In this article certain questions have been randomly taken from different topics of the quantitative section of CAT. Each question has been selected keeping in mind certain challenges you need to manage as a test taker. These challenges may range from concept basics to application orientation and test taking strategies.
Consider four digit numbers for which the first two digits are equal and the last two digits are also equal. How many such numbers are perfect squares?
Topic : Numbers
Approach :Let the four digit number be denoted by aabb.

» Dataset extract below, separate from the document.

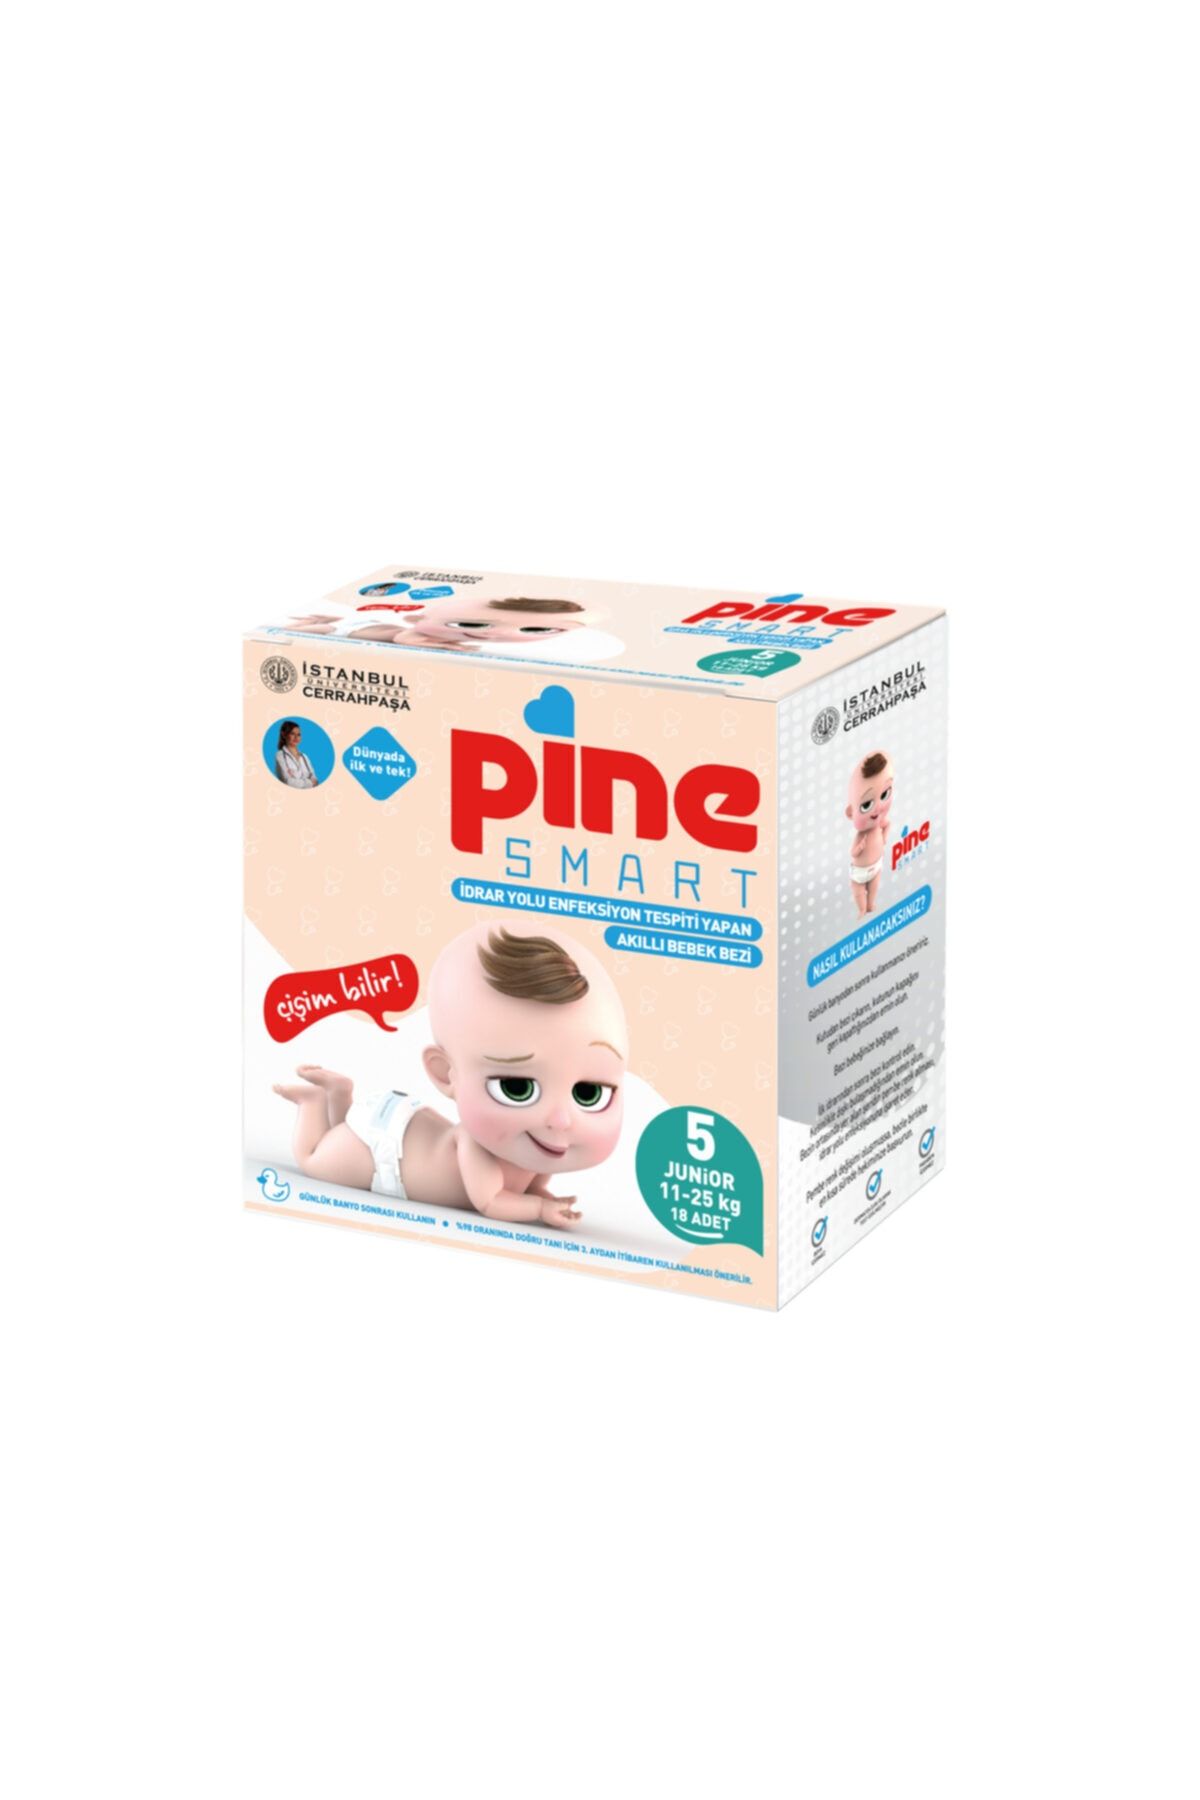 Pine Smart Akıllı Bebek Bezi 5 Junior 11-25 Kg 18 Adet
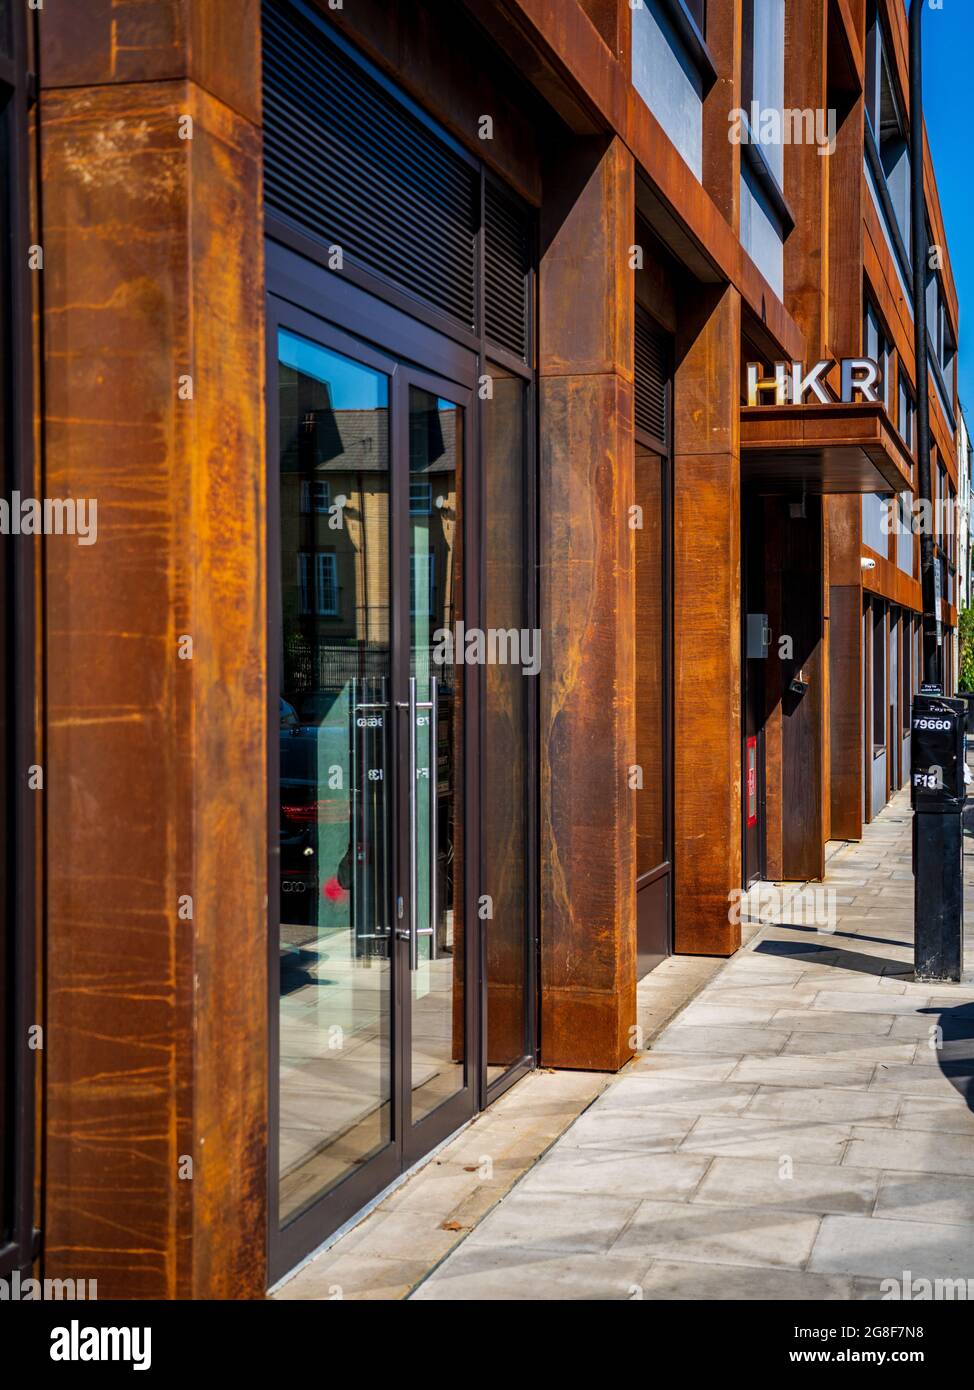 HKR Hoxton London - Luxuriöses Apartmentgebäude in London, fertiggestellt 2020 Architekt Hawkins Brown Architects. Stockfoto

Then the number can be expressed as : 1000a+100a+10b+b
= 1100a+11b = 11(100a+b)
Since aabb is a perfect square, 100a+b should be 11k where k is a perfect square
Now 100a+b can be written as a0b, and for divisibility by 11, a+b=11. The various combinations of (a,b) are (2,9), (9,2), (3,8), (8,3), (4,7), (7,4), (5,6), (6,5). However out of these only (7,4) satisfies the second condition where k is a perfect square.
i.e. For a=7, b=4, 100a+b = 704= 11*64, and aabb= 7744, which is a perfect square. No other pair satisfies the given conditions.Hence only one number satisfies the given conditions.
Answer : Option 3
Challenge :Understanding of divisibility rules, perfect squares and expansion of numbers in the decimal system
In a tournament there are n teams T1, T2, T3....Tn with n greater than 5. Each team consists of k players where k is more than 3. The following pairs of teams have one player in common : T1& T2, T2& T3,....Tn-1& Tn and Tn& T1. No other pair of teams has any player in common. How many players are participating in the tournament, considering all the n teams together?
Topic : Logic
Approach :In each team Tj there are k players, out of which two are shared, one with Tj-I and the other with Tj+I. The remaining k-2 players are not shared with any team.
Thus, total players who play for only one team = (k-2)n
One player is common in T1& T2, one in T2& T3 and so on.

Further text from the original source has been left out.